Environmental rules, miles of bureaucratic red tape, and lawsuits from environmental groups could stymie attempts to develop the untapped resources of the Arctic National Wildlife Refuge (ANWR), even as Republicans pass legislation lifting a bock on exploration in the areas.

“It’s still an open question about whether drilling will ever happen there,” Matt Lee-Ashley of the left-leaning Center for American Progress told reporters Tuesday. “It’s hard to image that drilling will occur in the next 10 years — or ever.”

Lawmakers approved a Republican tax plan Tuesday that includes a provision forcing the Interior Department to hold lease sales in a coastal portion of the 19-million-acre federally protected wilderness area, which is estimated to contain 11.8 billion barrels of recoverable crude.

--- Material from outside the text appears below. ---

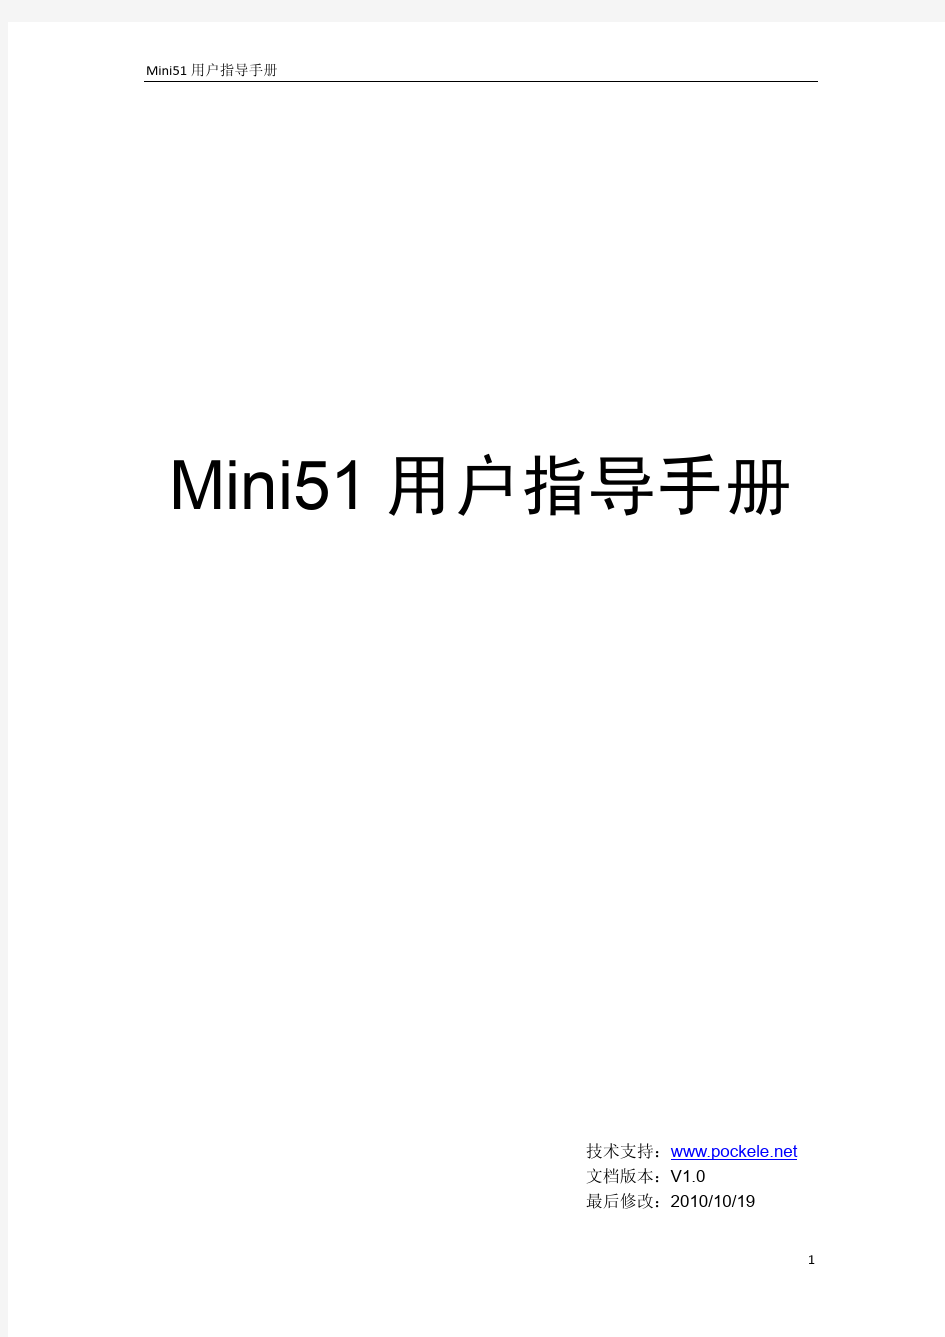 Mini51用户指导手册

Activists managed to dodge a few bullets during the lead up to the tax bill. Lawmakers spared a $7,500 electric-vehicle tax credit and a wind production tax credit that Republicans nixed to balance out the hefty tax bill. Activists argue the credits are crucial for propping up the solar industry, as well as keeping electric vehicles affordable.

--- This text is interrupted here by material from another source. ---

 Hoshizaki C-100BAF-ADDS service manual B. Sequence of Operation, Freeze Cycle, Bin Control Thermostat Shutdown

They might have a point. Electric car sales slumped badly in Georgia, going from 1,400 a month to just 100 a month, after the state shuttered its $5,000 credit. Other countries have eliminated electric vehicle credits with similar results.

The final bill also preserved a phase-out of tax incentives for both the solar and wind industries passed in 2015, most of which are set to expire in 2020 and 2022, respectively. But many environmental groups are not happy about having to swallow such a bitter pill allowing energy groups their way in Alaska.

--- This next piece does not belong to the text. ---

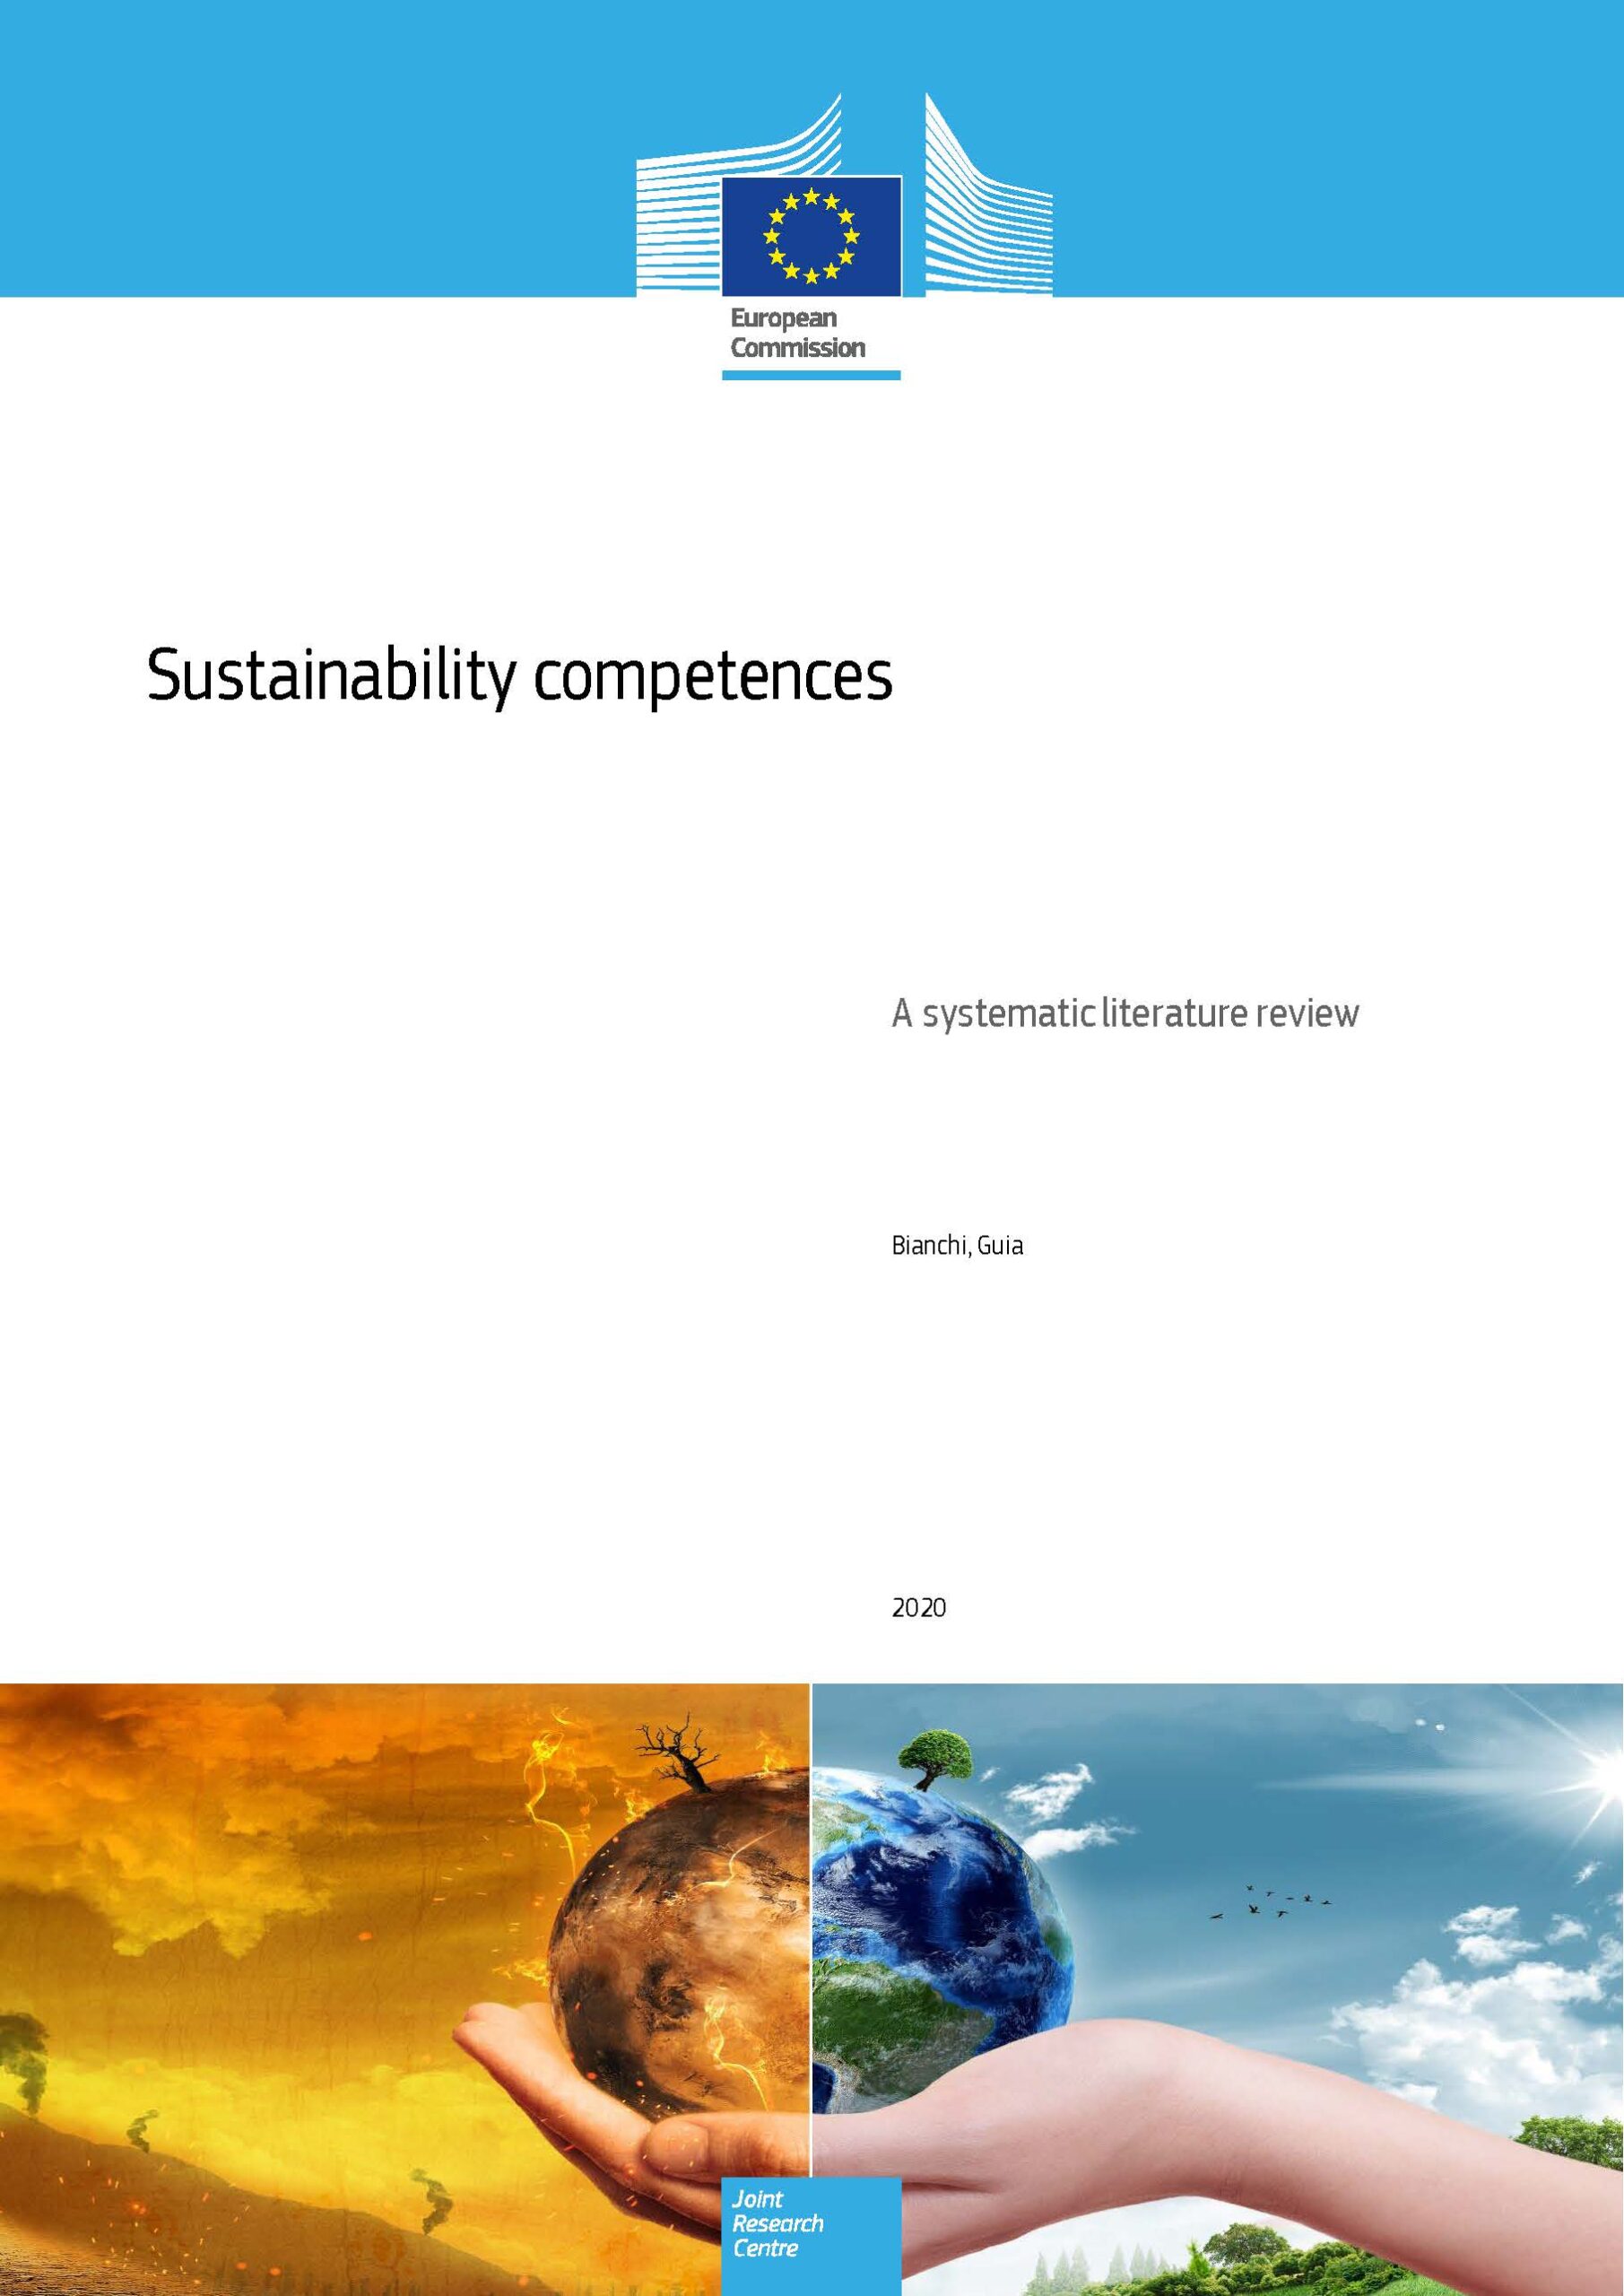 Forside af rapporten 'Sustainability competences'

They successfully fought ANWR drilling for decades, and now they’re taking the battle to the courtrooms.

“The fight has just begun,” Bernadette Demientieff, who was one of the principal founders of a group in 1988 that worked to fight similar proposals, told reporters. “We will rise up and protect the Arctic Refuge and the ‘Sacred Place Where Life Begins’ just as our ancestors have before us.”

Proponents of the measure remain undaunted — they are willing to play the long game for future success.

“The United States really needs to find new places to prospect for oil, not for today, but for the future,” Robert Dillon, a consultant and former aide to Sen. Lisa Murkowski of Alaska, said in an interview with Bloomberg shortly after the bill was passed.

He added: “You need to be looking 10, 20, 30 years out to know where your supply is going to come from for the future of the country.”